My overall feeling was he has seen the light & is getting the Real - Rest of the story - ??? Time will tell


----------



## Field Hunter (Mar 4, 2002)

Do you think the Gov. will get any air time on 790 now that the host is being courted by the demacratic party? Listened this morning...sure sounds like he's considering a run at the office. He does carry himself very well and seems very up on the state and federal issues. Imagine...a Gov. that you actually here from once in a while.

Anyway, if the Gov doesn't get it, I think he will come re-election time. As well as some of the Sen and Reps. I can't recall a time when I've ever kept up on ALL the bills like this time around. I've got an 18 year old that's more up on the hunting bills and other non-huntiing bills than many of my 40 year old friends.
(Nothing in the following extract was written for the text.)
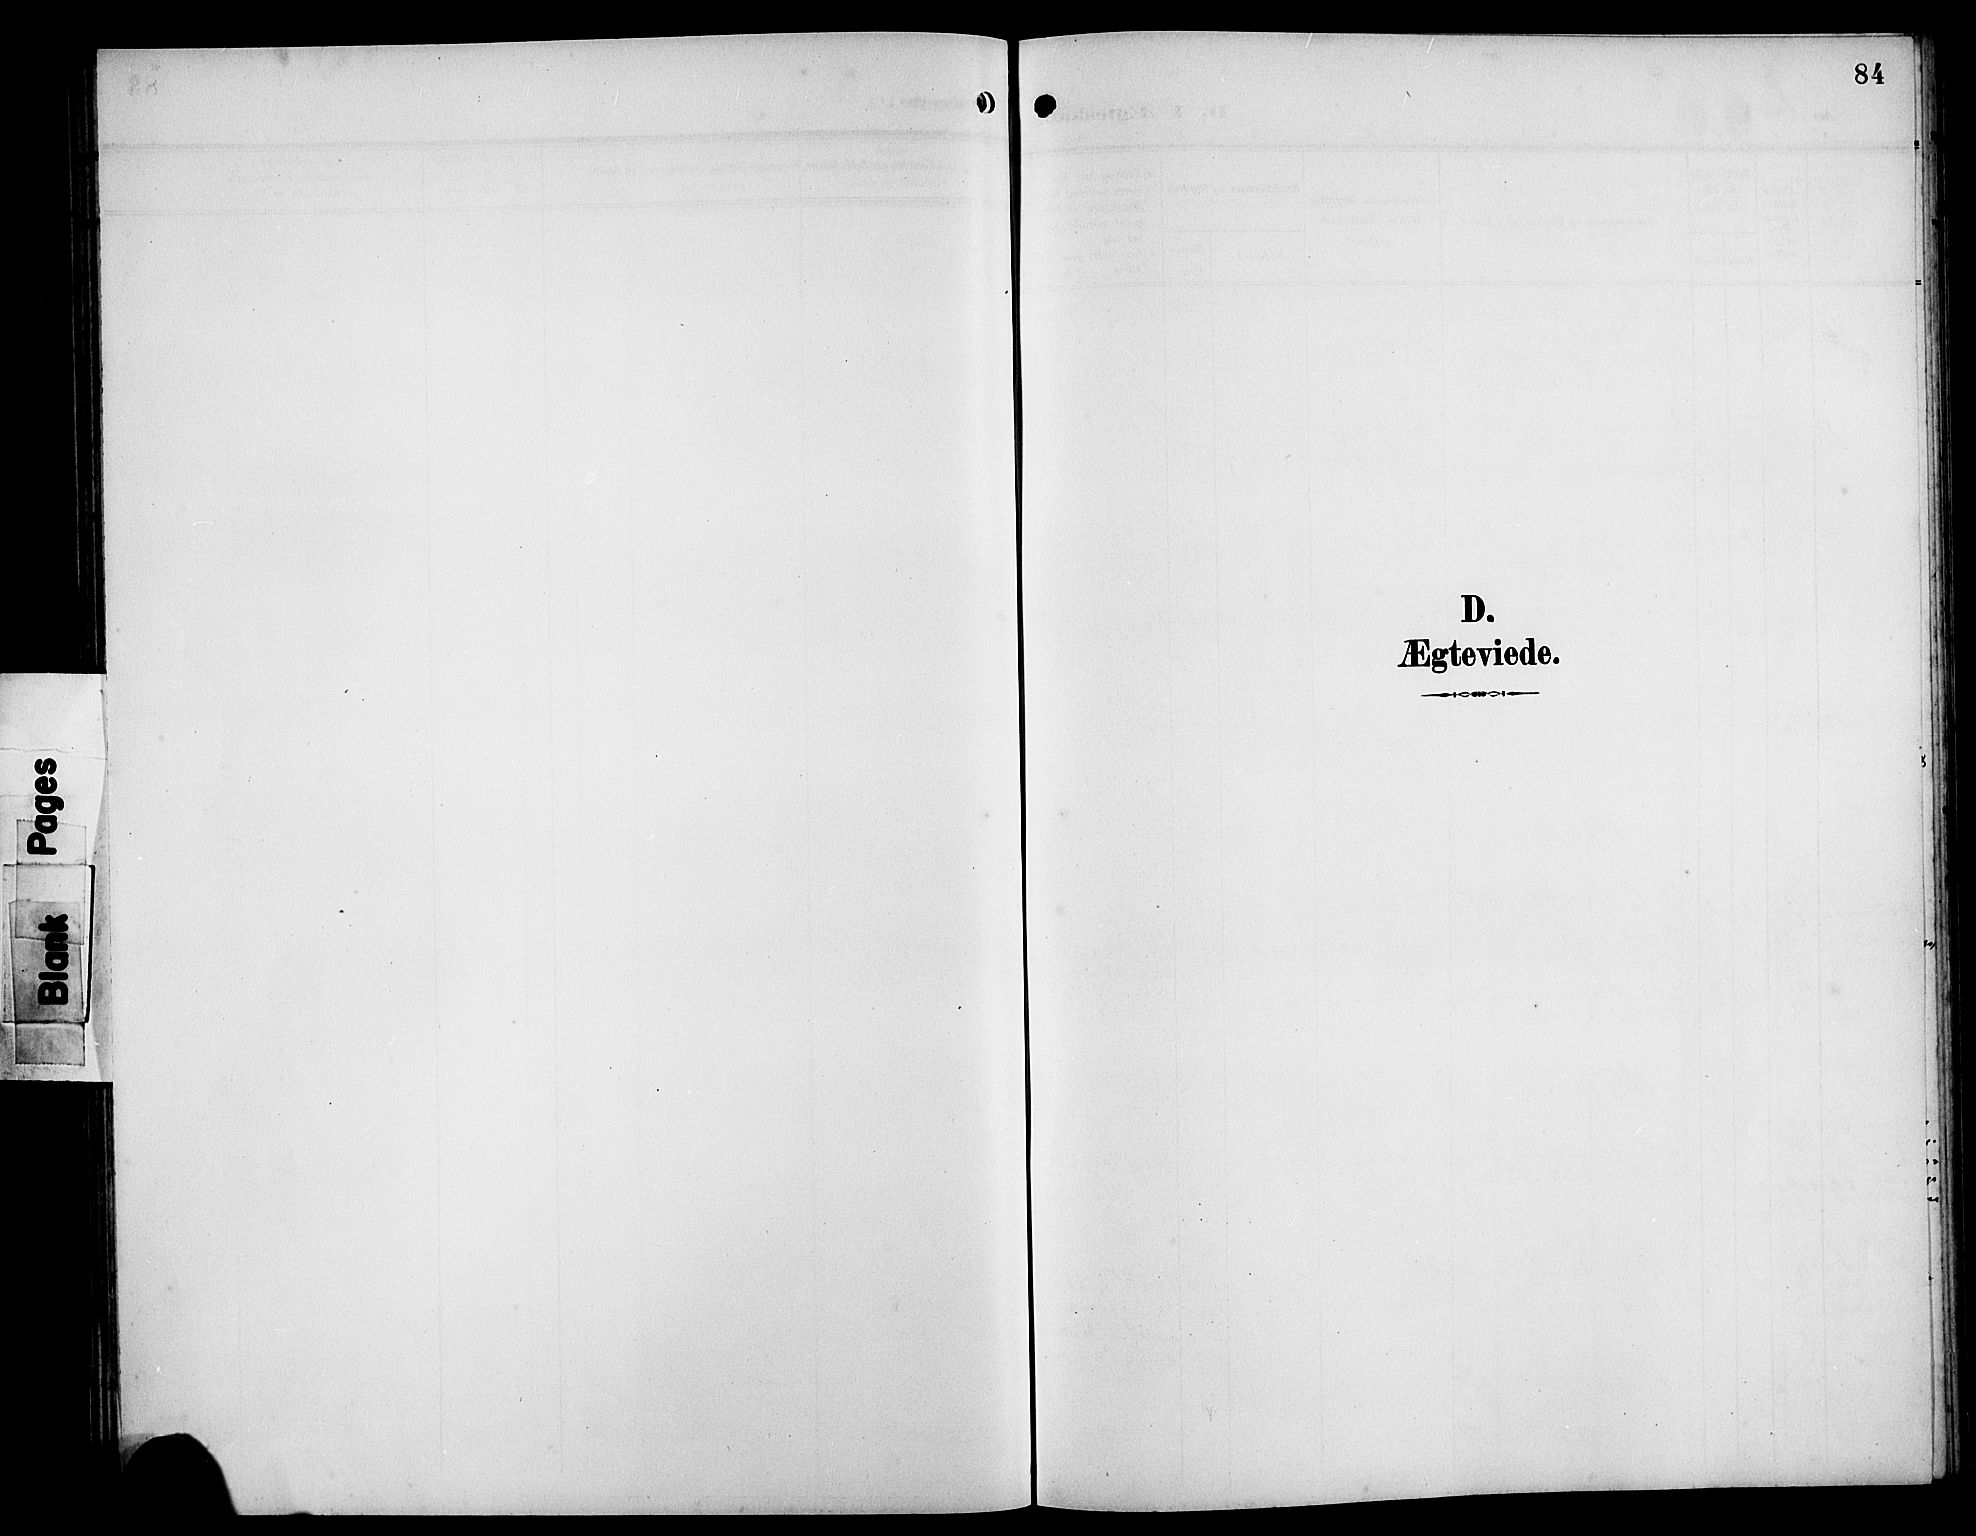 SAB, Bremanger Sokneprestembete, H/Hab: Klokkerbok nr. B 1, 1906-1925, s. 84
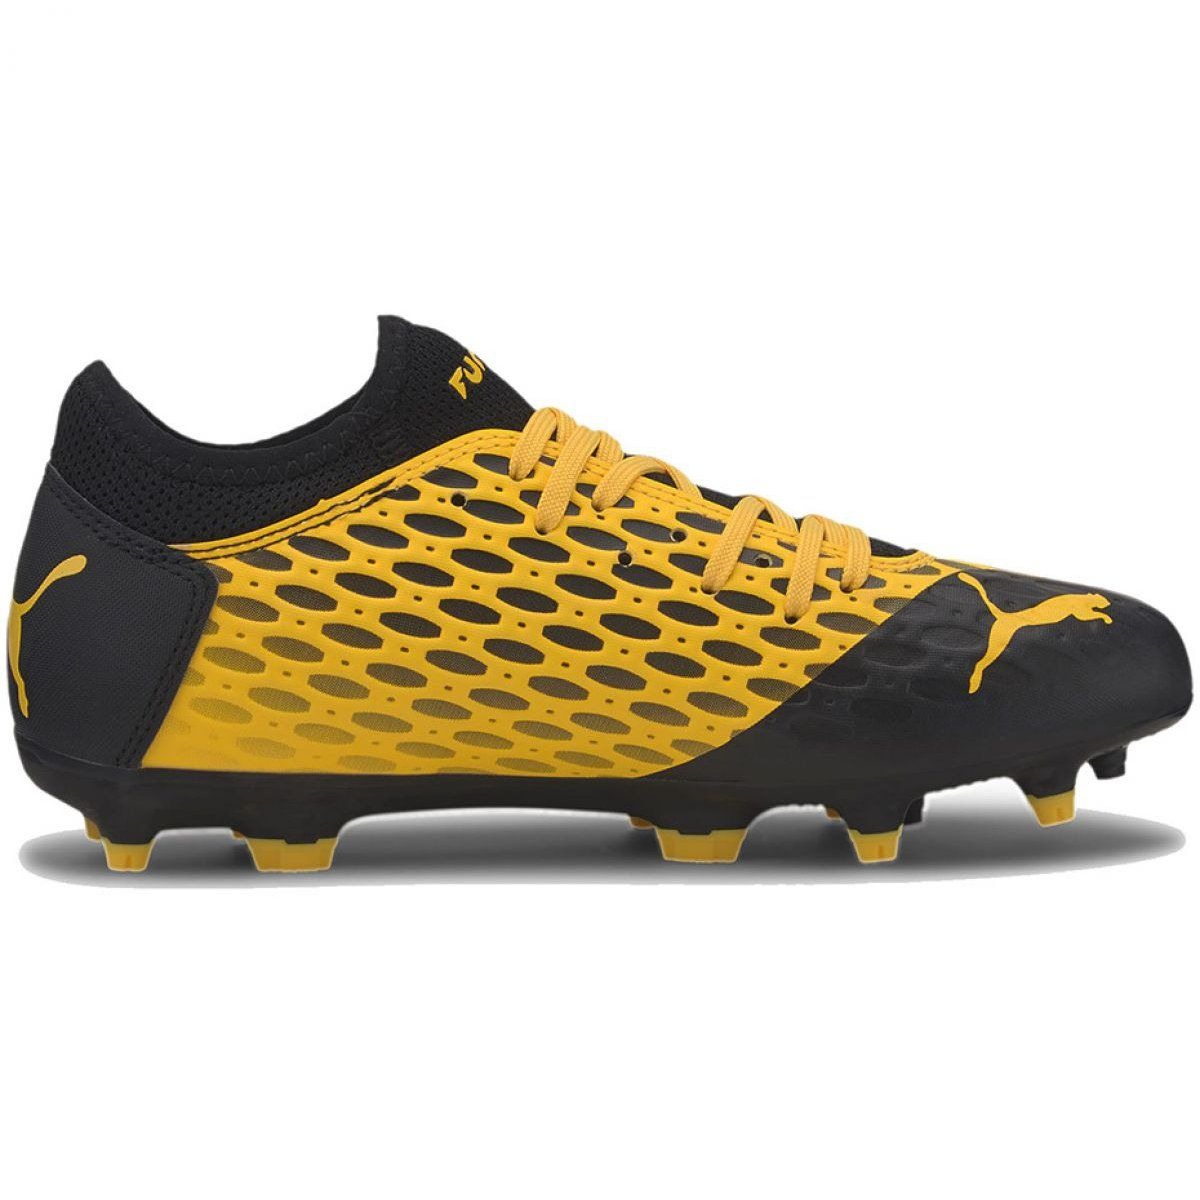 Buty Pilkarskie Puma Future 5 4 Fg Ag Jr 105810 03 Zolte Zolte Puma Sport Shoes Shoes

No matter what happens by the end of the session, many younger voters have gotten a great introduction into the workings of the legislature.


----------



## Fetch (Mar 1, 2002)

Has anyone ever heard any possible zone plans ???

This could get weird if they let this committee or the Legislature decide the zones ???

Did HPC ever address them ???

Would they be based on where the water is ???

Where the ducks are ??? In the Fall ???

Where there are rooms & accomodations ???

Where ever a guide is, that is not booked solid for the entire season ???

Where there is public lands to handle the #'s ???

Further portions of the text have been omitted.